There are two points well notable:

  • With sign restrictions we only yield set identify, that is, we don’t identify an exact \(\mathcal{B}\) matrix, instead we get a set of \(\mathcal{B}\) and thus a set of IRF. Then we plot the 5% and 95% quantiles of IRF and use the median or mean of IRF to mimic a point estimation.
  • About matrix \(Q\). If \(Q\) is generated from QR decomposition of a iid. normal matrix, then Q satisfies a Haar distribution, which means it’s probability measure may be “biased” when we compute IRF (containing power terms of \(Q\)). Hence, frequentists’ “random draw” methodology may not be valid during this process, we’d better turn to bayesian methods to utilize this “belief”.

Narrative Sign Restrictions

Antolín-Díaz and Rubio-Ramírez (2018) combines sigh restriction with historical facts. They impose restrictions not only on structural parameters and IRFs, but also on historical decomposition (HD), i.e. the cumulative effect of shock \(i\) on variable \(j\) during certain period. In their article they use two kind of such restrictions:

  • Type A: a given shock was the most important (least important) driver of the unexpected change in a variable during some periods.
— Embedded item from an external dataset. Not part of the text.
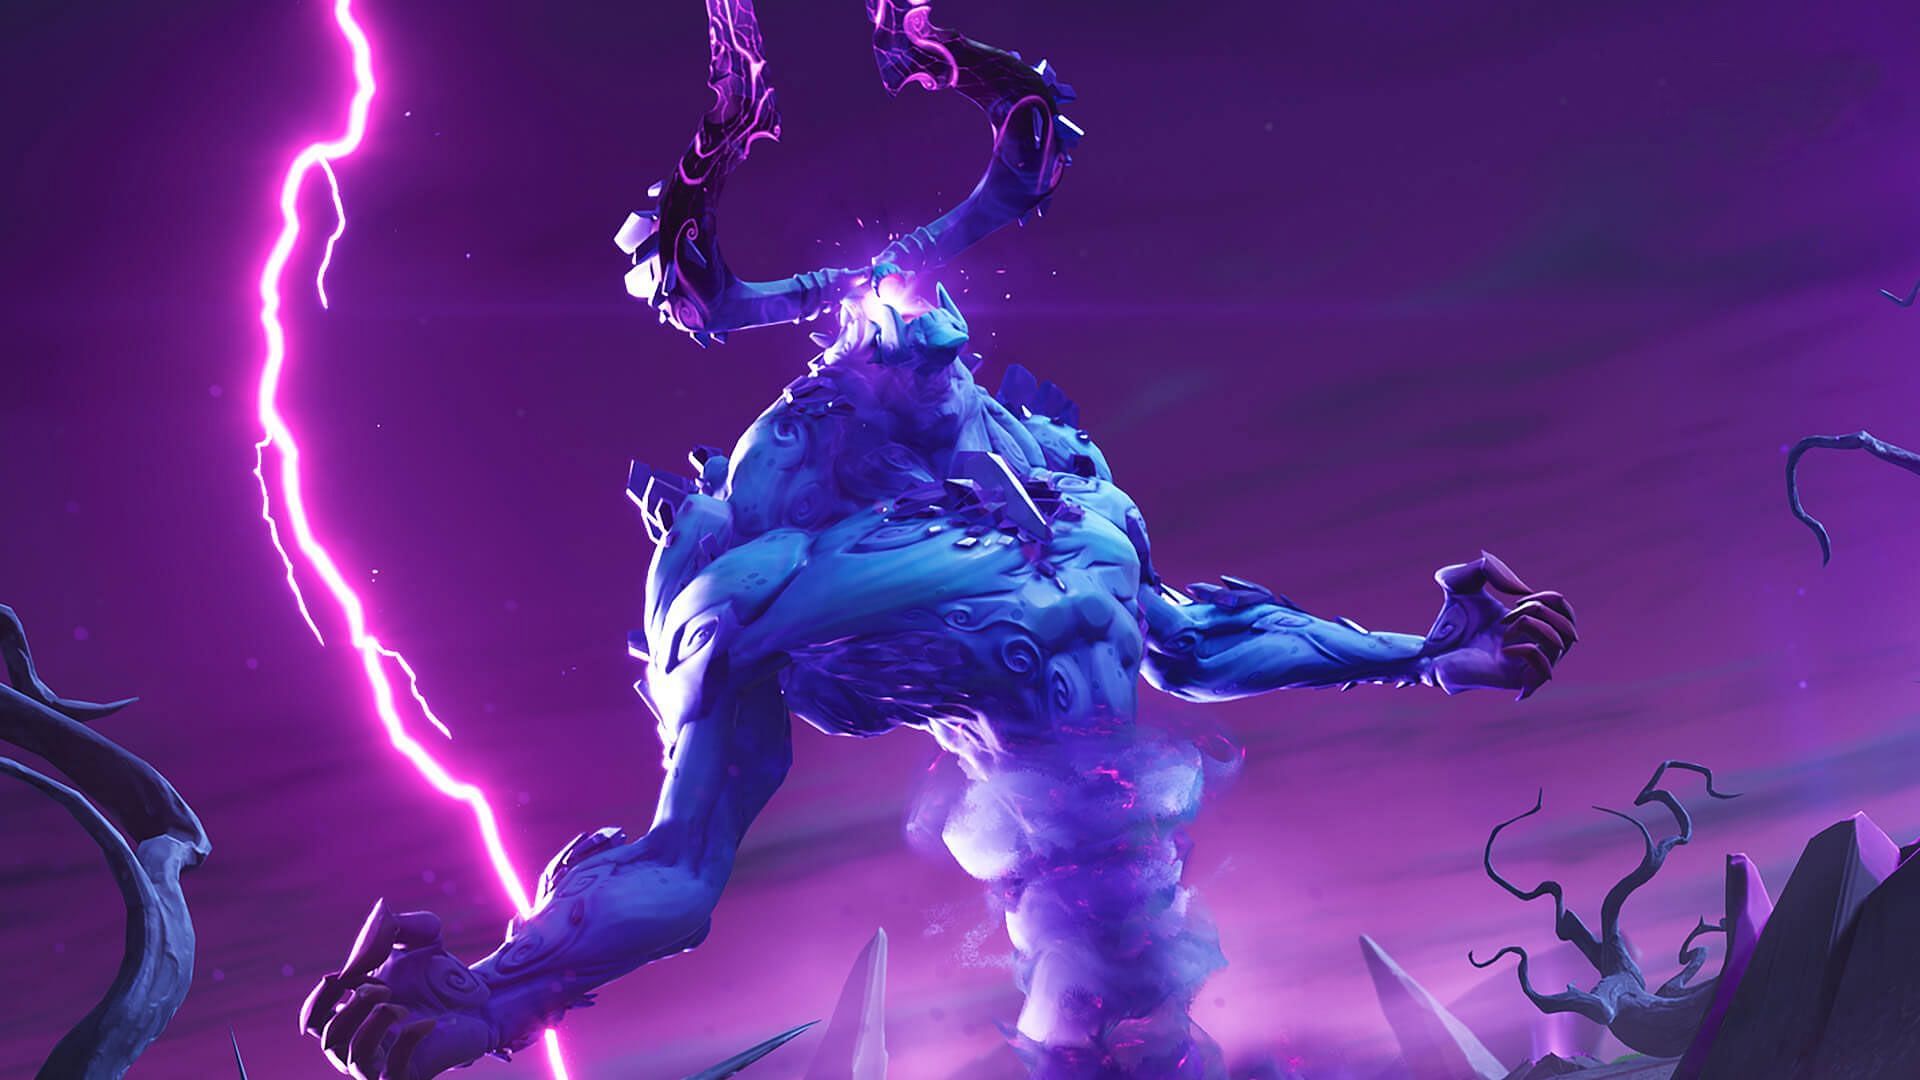 The next Fortnite update will most likely reveal the upcoming Halloween boss (Image via Epic Games)
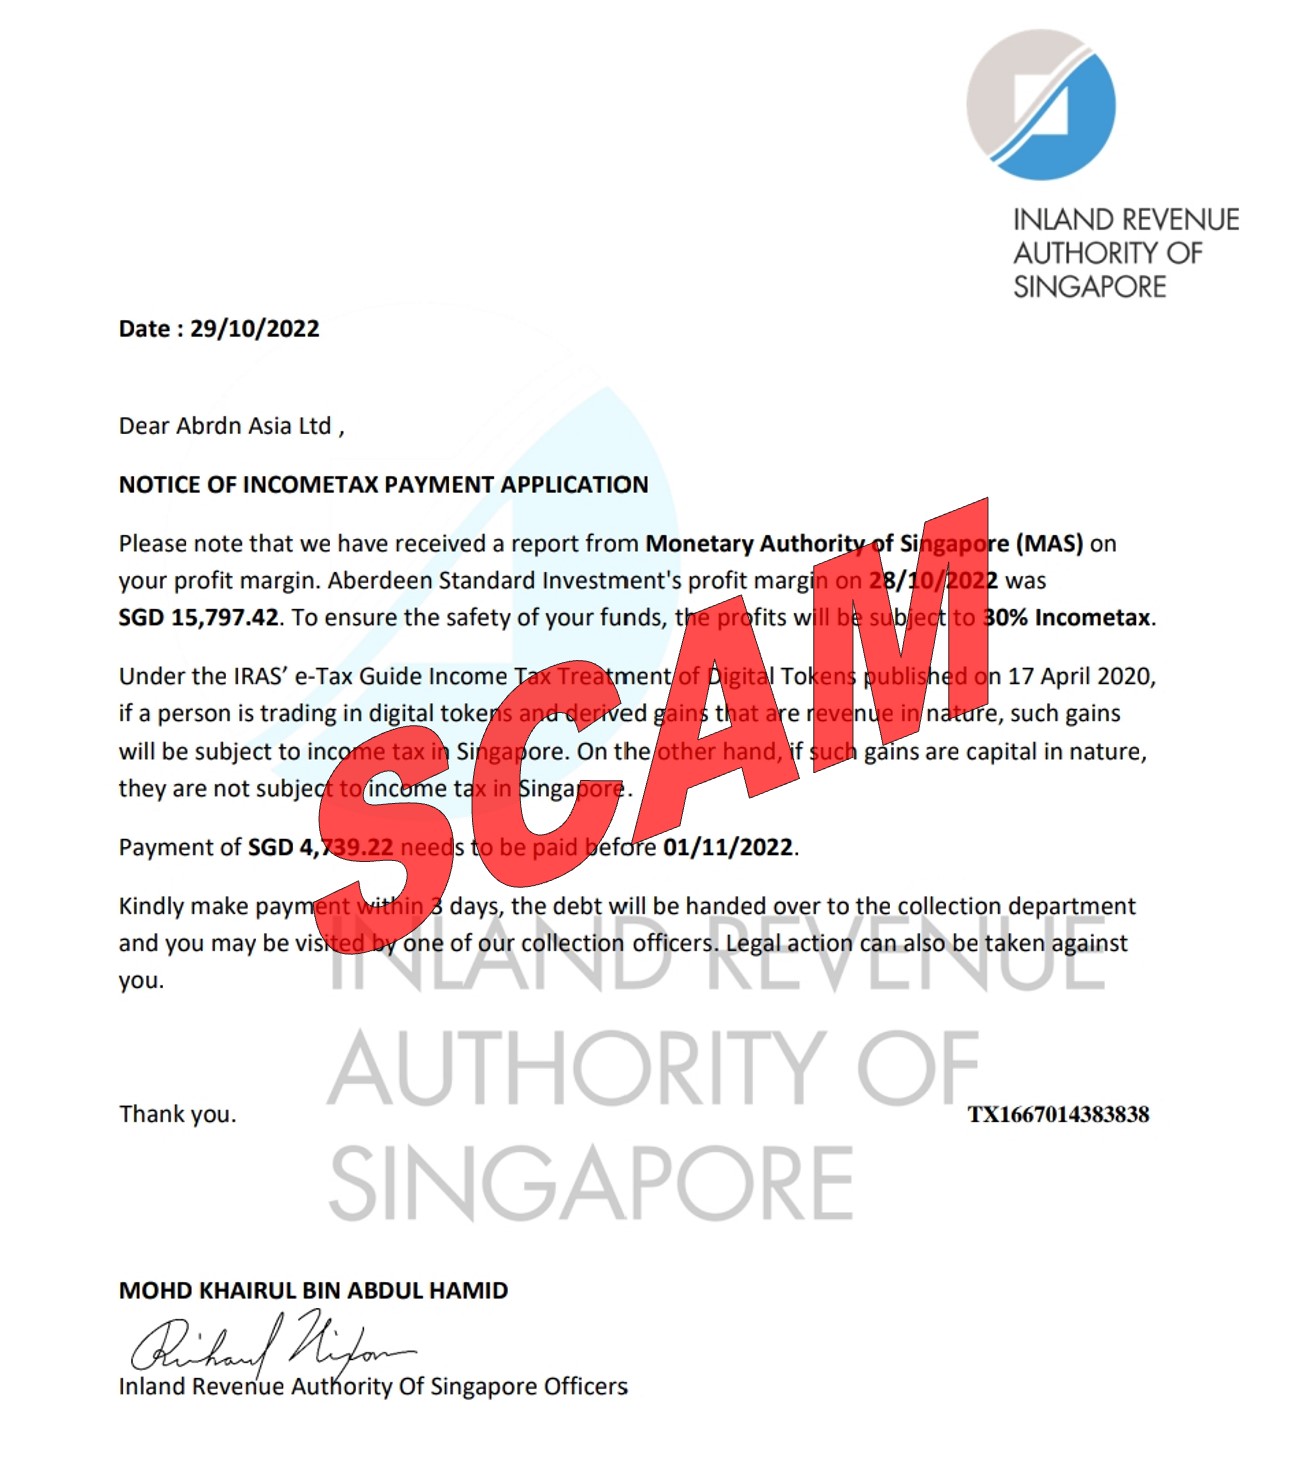 Screenshot of scam letter seeking tax payment on investment profit purportedly from IRAS, instructing the recipient to pay income tax on their investment profit to ensure “the safety of their funds”

That is, the absolute value of the HD of this shock is the largest (smallest) during some periods.
  • Type B: a given shock was the overwhelming (negligible) driver of the unexpected change in a given variable during the period. That is, the absolute value of its HD is larger (smaller) than the sum of HDs of all other structural shocks

Note that to check narrative sign restrictions, we need HD and thus estimated structural shocks \(\xi_{t}\), which should be computed by \(\mathcal{B}(Y-\beta X)\) with a drawn \(\mathcal{B}\). This should not be difficult once the procedure of computing bayesian estimator, IRF and HD are well implemented.